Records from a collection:

● ● ● ● ●

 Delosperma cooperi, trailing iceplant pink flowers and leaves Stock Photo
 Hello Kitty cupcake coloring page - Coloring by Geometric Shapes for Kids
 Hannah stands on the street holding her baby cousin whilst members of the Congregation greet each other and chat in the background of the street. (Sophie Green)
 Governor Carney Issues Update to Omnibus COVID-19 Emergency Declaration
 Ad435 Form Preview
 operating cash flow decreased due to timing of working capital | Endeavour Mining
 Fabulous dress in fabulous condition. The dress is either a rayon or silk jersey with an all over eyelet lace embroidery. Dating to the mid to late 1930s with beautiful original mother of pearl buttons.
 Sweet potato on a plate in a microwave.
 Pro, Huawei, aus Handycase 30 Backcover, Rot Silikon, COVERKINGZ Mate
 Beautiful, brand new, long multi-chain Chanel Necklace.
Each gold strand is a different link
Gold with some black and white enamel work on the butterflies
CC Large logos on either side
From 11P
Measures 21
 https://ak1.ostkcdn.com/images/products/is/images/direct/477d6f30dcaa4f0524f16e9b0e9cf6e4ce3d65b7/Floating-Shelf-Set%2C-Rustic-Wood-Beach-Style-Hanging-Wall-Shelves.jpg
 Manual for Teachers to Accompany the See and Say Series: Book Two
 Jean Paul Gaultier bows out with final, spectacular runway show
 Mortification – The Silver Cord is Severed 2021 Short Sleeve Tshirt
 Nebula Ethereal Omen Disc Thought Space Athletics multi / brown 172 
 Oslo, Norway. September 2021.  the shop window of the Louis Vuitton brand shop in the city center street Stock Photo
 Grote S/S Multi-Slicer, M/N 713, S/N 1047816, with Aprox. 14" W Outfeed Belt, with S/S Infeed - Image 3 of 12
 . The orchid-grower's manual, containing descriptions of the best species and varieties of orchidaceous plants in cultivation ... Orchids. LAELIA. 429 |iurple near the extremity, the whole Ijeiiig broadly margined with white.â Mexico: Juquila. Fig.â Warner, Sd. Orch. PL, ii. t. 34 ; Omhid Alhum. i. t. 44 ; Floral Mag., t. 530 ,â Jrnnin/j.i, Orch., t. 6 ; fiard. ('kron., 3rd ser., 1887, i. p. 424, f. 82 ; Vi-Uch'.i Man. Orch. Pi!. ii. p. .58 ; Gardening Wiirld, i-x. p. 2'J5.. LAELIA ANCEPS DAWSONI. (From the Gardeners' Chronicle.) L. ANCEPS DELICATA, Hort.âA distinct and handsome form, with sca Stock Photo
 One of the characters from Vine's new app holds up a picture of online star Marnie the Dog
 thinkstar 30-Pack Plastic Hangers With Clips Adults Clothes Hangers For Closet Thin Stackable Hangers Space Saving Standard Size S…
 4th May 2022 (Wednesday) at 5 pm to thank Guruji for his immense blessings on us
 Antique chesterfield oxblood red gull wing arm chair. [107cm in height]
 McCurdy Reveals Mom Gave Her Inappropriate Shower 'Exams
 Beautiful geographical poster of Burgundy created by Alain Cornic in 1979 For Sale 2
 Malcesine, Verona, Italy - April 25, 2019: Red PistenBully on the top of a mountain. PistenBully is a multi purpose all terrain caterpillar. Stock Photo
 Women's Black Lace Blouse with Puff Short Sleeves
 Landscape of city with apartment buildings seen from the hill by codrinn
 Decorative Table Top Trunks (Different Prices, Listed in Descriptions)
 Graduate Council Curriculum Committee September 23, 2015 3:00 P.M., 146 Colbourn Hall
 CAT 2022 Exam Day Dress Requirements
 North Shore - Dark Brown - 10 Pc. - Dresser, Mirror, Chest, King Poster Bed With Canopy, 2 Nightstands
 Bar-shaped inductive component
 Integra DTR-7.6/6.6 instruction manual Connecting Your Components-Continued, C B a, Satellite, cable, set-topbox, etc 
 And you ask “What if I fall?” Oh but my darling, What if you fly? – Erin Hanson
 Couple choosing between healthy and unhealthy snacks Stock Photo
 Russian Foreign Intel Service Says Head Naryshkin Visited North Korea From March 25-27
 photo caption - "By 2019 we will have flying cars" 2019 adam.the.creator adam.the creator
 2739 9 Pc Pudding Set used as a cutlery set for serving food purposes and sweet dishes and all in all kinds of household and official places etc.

● ● ● ● ●

Assignment
Repeat the entries verbatim through the line with "Grote S/S Multi-Slicer, M/N".

Answer for the task
 Delosperma cooperi, trailing iceplant pink flowers and leaves Stock Photo
 Hello Kitty cupcake coloring page - Coloring by Geometric Shapes for Kids
 Hannah stands on the street holding her baby cousin whilst members of the Congregation greet each other and chat in the background of the street. (Sophie Green)
 Governor Carney Issues Update to Omnibus COVID-19 Emergency Declaration
 Ad435 Form Preview
 operating cash flow decreased due to timing of working capital | Endeavour Mining
 Fabulous dress in fabulous condition. The dress is either a rayon or silk jersey with an all over eyelet lace embroidery. Dating to the mid to late 1930s with beautiful original mother of pearl buttons.
 Sweet potato on a plate in a microwave.
 Pro, Huawei, aus Handycase 30 Backcover, Rot Silikon, COVERKINGZ Mate
 Beautiful, brand new, long multi-chain Chanel Necklace.
Each gold strand is a different link
Gold with some black and white enamel work on the butterflies
CC Large logos on either side
From 11P
Measures 21
 https://ak1.ostkcdn.com/images/products/is/images/direct/477d6f30dcaa4f0524f16e9b0e9cf6e4ce3d65b7/Floating-Shelf-Set%2C-Rustic-Wood-Beach-Style-Hanging-Wall-Shelves.jpg
 Manual for Teachers to Accompany the See and Say Series: Book Two
 Jean Paul Gaultier bows out with final, spectacular runway show
 Mortification – The Silver Cord is Severed 2021 Short Sleeve Tshirt
 Nebula Ethereal Omen Disc Thought Space Athletics multi / brown 172 
 Oslo, Norway. September 2021.  the shop window of the Louis Vuitton brand shop in the city center street Stock Photo
 Grote S/S Multi-Slicer, M/N 713, S/N 1047816, with Aprox. 14" W Outfeed Belt, with S/S Infeed - Image 3 of 12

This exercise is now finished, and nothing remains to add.